About this task:
The full listing is to be transcribed exactly, with each picture left out.

Source data:
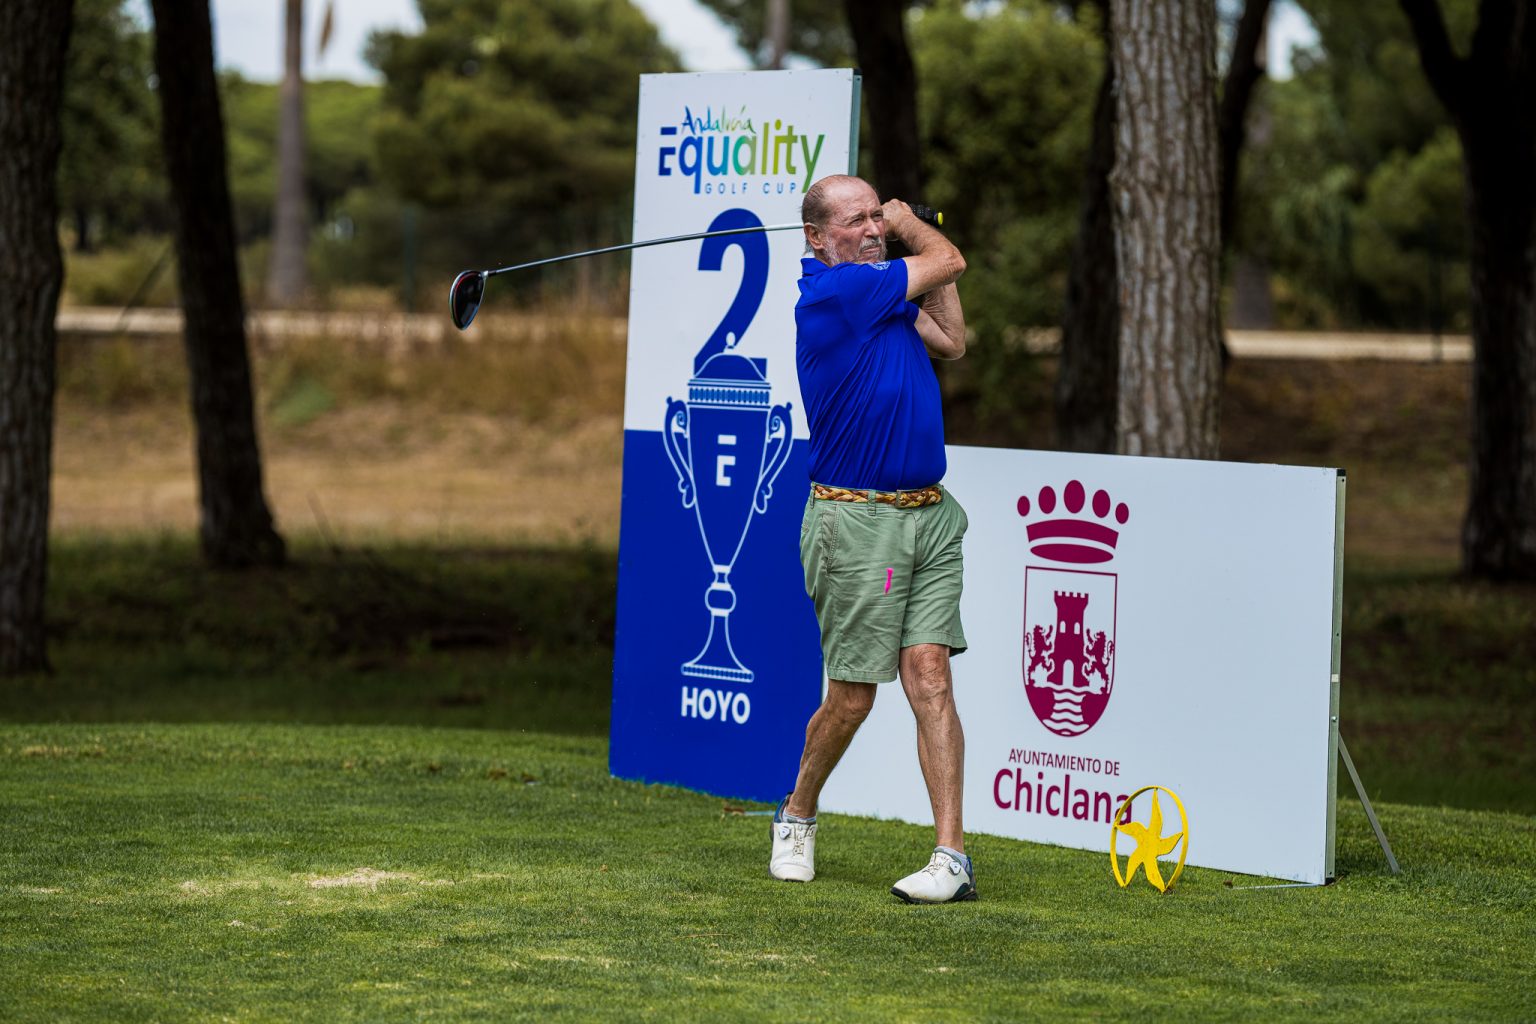 Máster Final del Circuito Solidario Andalucía Equality Golf Cup 05
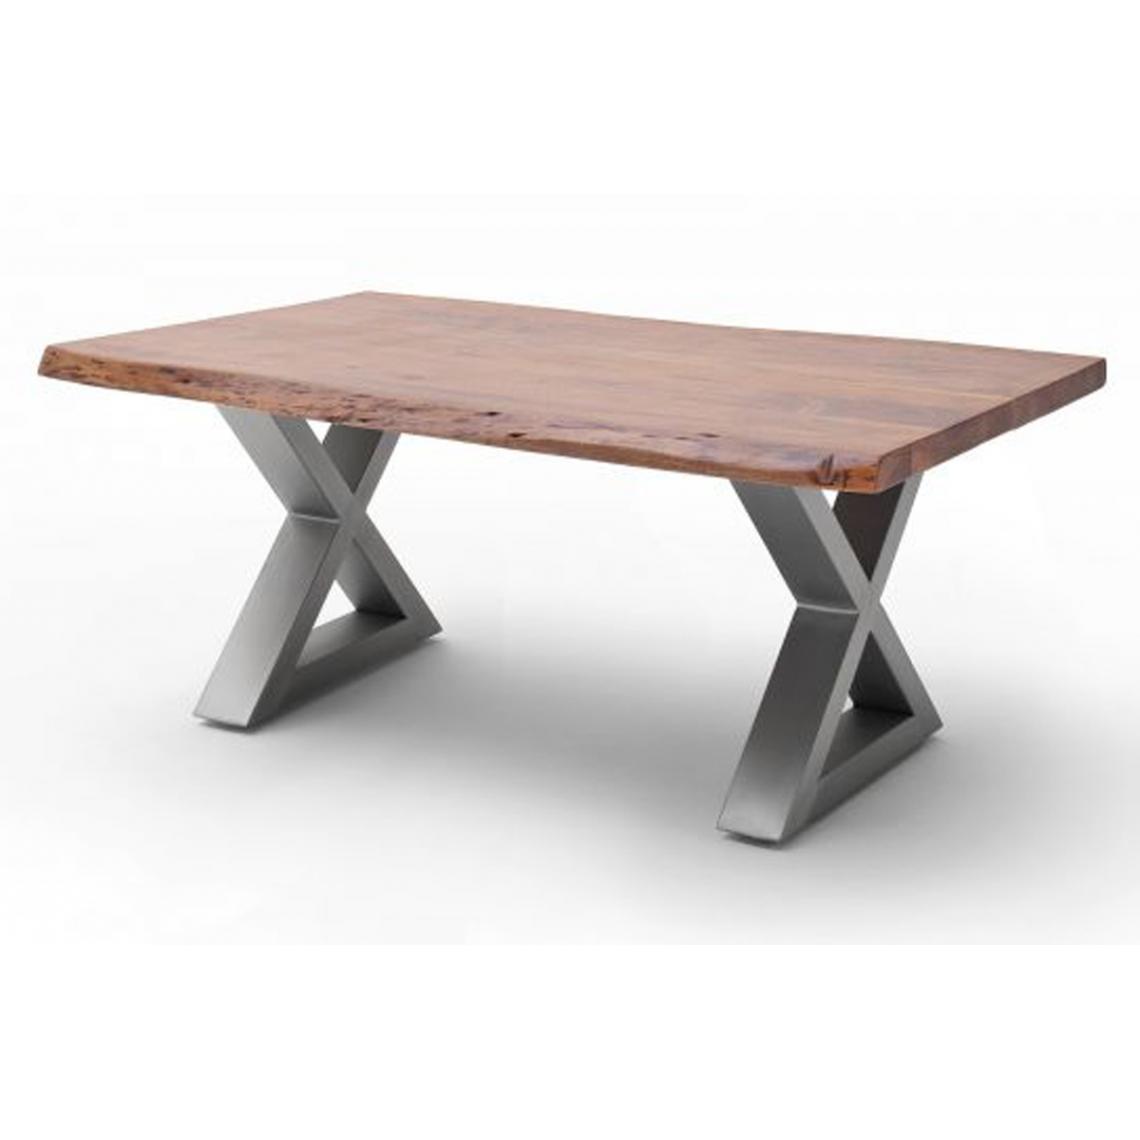 Pegane - Table basse en bois d'acacia massif noyer / acier inoxydable - L.110 x H.45 x P.70 cm - Tables basses
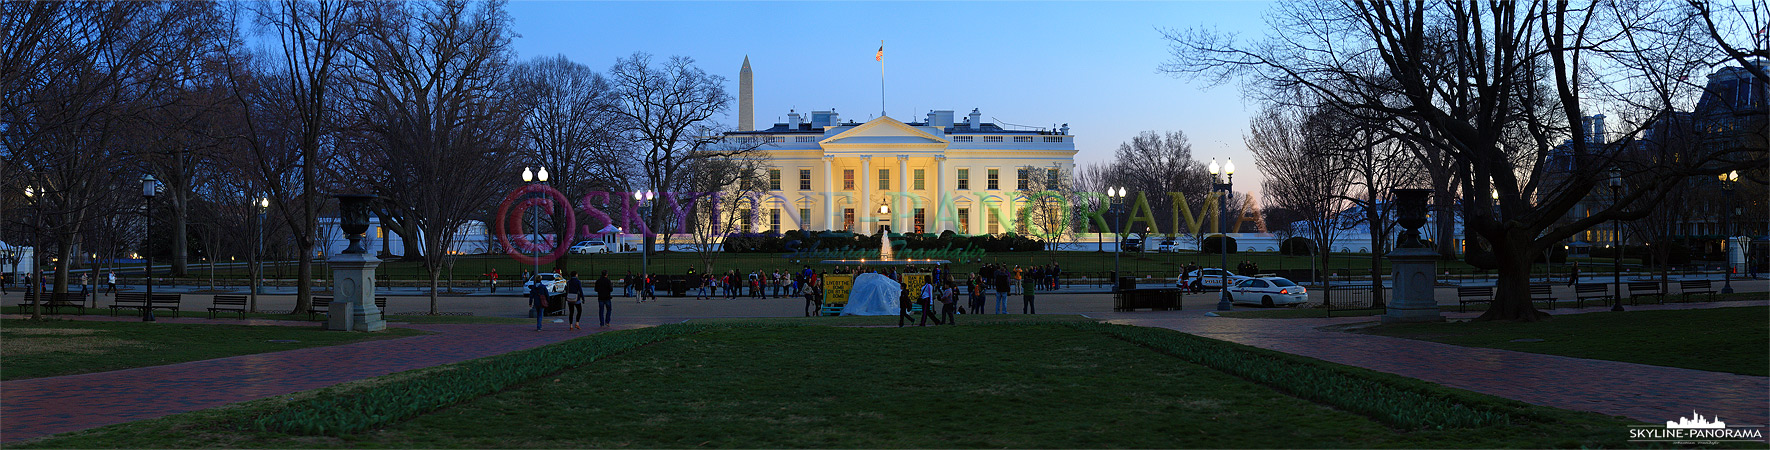 Washington Panorama - Das Weiße Haus, der Amtssitz des Präsidenten der Vereinigten Staaten, am Abend als Panorama vom Lafayette Square aus betrachtet. 
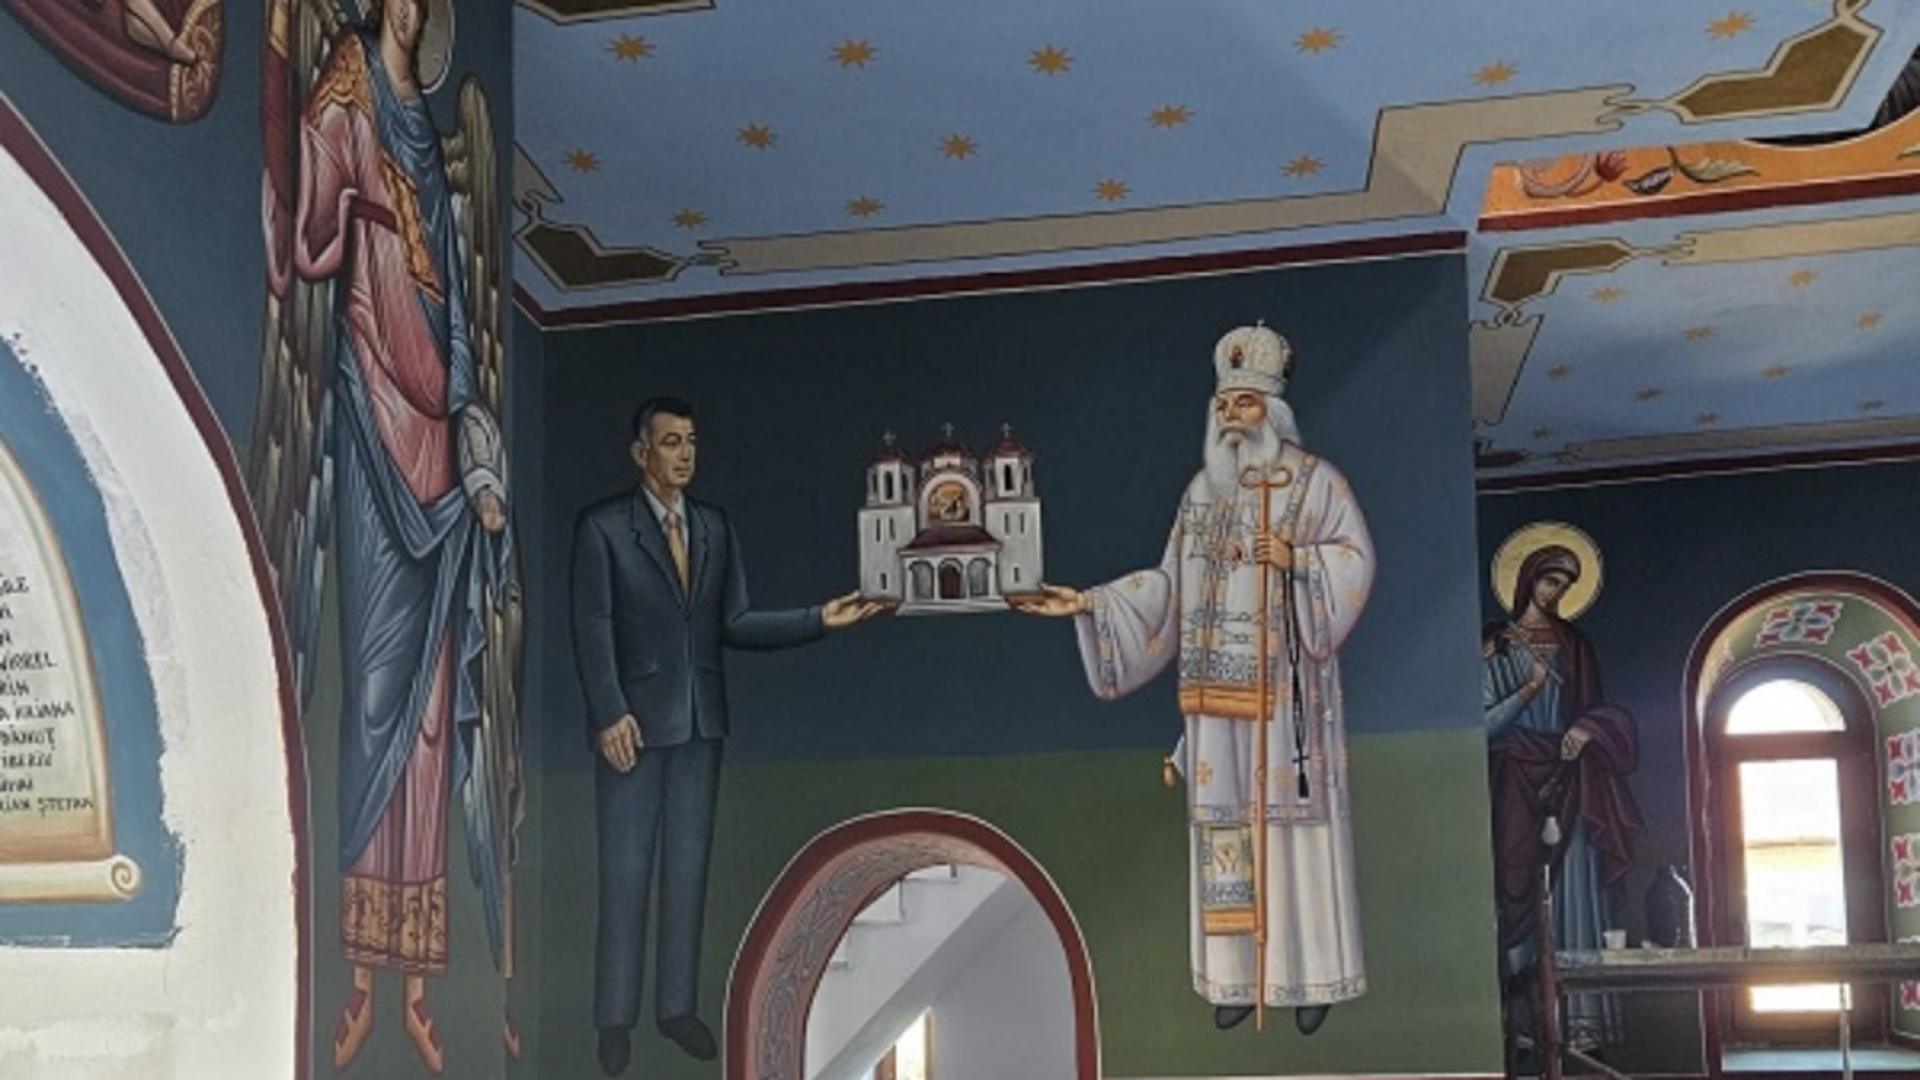 Șoc într-o biserică din Banat. Localnicii l-au descoperit pe primar pictat pe perete

Answer to the exercise:
 Máster Final del Circuito Solidario Andalucía Equality Golf Cup 05
 Pegane - Table basse en bois d'acacia massif noyer / acier inoxydable - L.110 x H.45 x P.70 cm - Tables basses
 Washington Panorama - Das Weiße Haus, der Amtssitz des Präsidenten der Vereinigten Staaten, am Abend als Panorama vom Lafayette Square aus betrachtet. 
 Șoc într-o biserică din Banat. Localnicii l-au descoperit pe primar pictat pe perete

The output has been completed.